One of the most common questions and discussion subjects on our e-mail in the past 60 days or so has been the problem of ratios – schedules of reinforcement, variable ratios (VR), variable schedules of reinforcement (VSR) – vs. continuous reinforcement (CRF). This subject has also been a recurring problem, going back as long as we have been receiving and sending e-mail, and farther back than that – even back to the “good old” days when we were training animals and educating our own trainers at Animal Behavior Enterprises. So let’s see what we can make clear first, what we are all talking about, and second, what is our own (the Baileys’) philosophy, practices, and advice about schedules of reinforcement. By the way, it seems to me that most of the correspondents are using VSR and VR in an identical manner, both meaning VARIABLE RATIO. This little article is a distillation of some recent e-mail discussions.
The correspondence we are referring to has to do with SCHEDULES OF REINFORCEMENT. Simply put, a schedule of reinforcement is ANY plan or system for presenting a reinforcer for a given response, according to ANY time interval, such as reinforcing a response every two minutes (creating an INTERVAL schedule), or ANY position of a response in a series – reinforcing every second response, that is, a “two-fer,” expressed as FR 2:1 (FIXED RATIO of two responses for each reinforcer); every third response, a “three-fer,” or a FR 3:1 ratio, every tenth (FR 10:1), hundredth (FR 100:1), and so on, response. If you VARY the interval then you have created a VARIABLE RATIO, the most commonly used in training almost any behavior, and one of the most useful.

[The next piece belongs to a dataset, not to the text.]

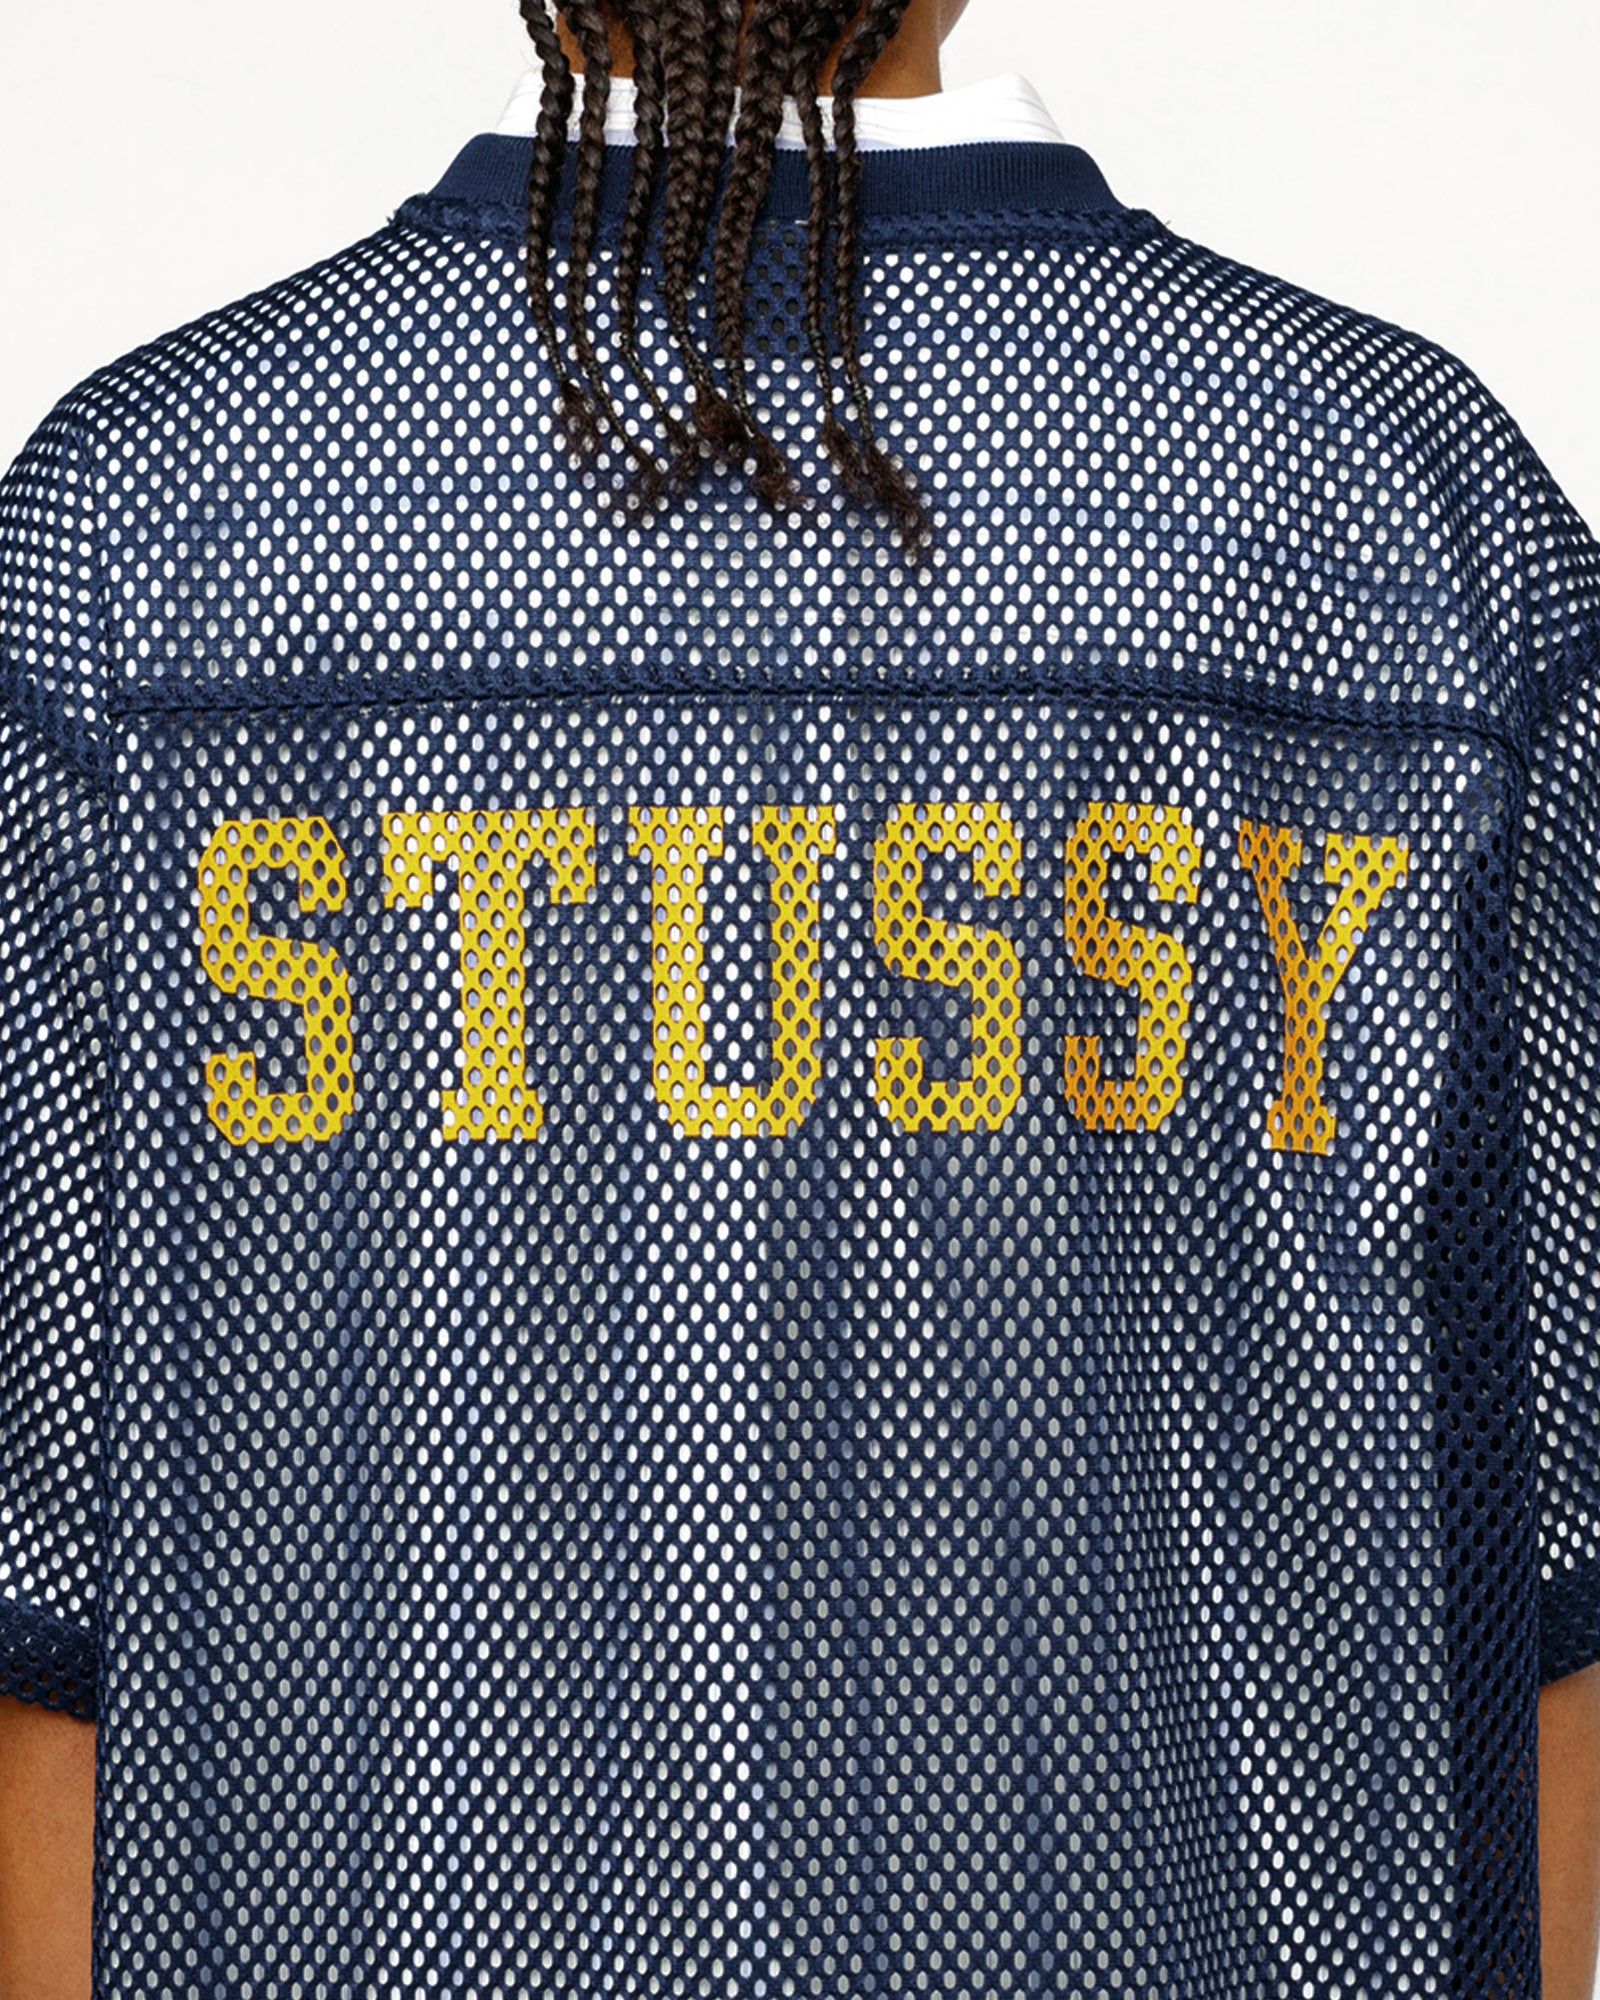 Stüssy Team Jersey 80 Navy Tops

The simplest schedule, and one that trainers should all begin with in training ANY response, is a ratio of reinforcing EVERY desired response. This is a ratio of 1 response for 1 reinforcer, 1:1, or CONTINUOUS REINFORCEMENT, abbreviated CRF (to prevent confusion with CR, which is an abbreviation for CONDITIONED RESPONSE, or CONDITIONED REFLEX).
Any schedule other than CRF calls for what we call DIFFERENTIAL REINFORCEMENT, reinforcing some responses and not others. DIFFERENTIAL REINFORCEMENT also is used in forming DISCRIMINATIONS, as in scent discriminations, where the trainer reinforces the response to the scented article and not to the others; it is also a part of SHAPING, where a trainer reinforces the responses that meet his or her criteria – that is,
the response is straight enough, fast enough, properly executed in every way – and extinguishes the responses that do not meet the criteria.
Third, there are other schedules, those that specifically involve time.
They are used less frequently, but useful in their place. One is what we
call a FIXED or VARIABLE DURATION schedule, where the trainer asks for a
response to hold or continue for a certain period of time – for example,
asking a dog to hold a point, or a prone position (“stay”) for 30 seconds.
There are also FIXED OR VARIABLE INTERVAL schedules. We will not say much about time schedules. They can be tough to implement. The introduction of
time as a variable can give the animal an opportunity to do things OTHER
than what you want the dog to do, yet still respond according to
specifications in time. Suppose you have asked the dog, on a FI 5min.
schedule, to jump up to a spot on the wall every 5 minutes. This FI 5min.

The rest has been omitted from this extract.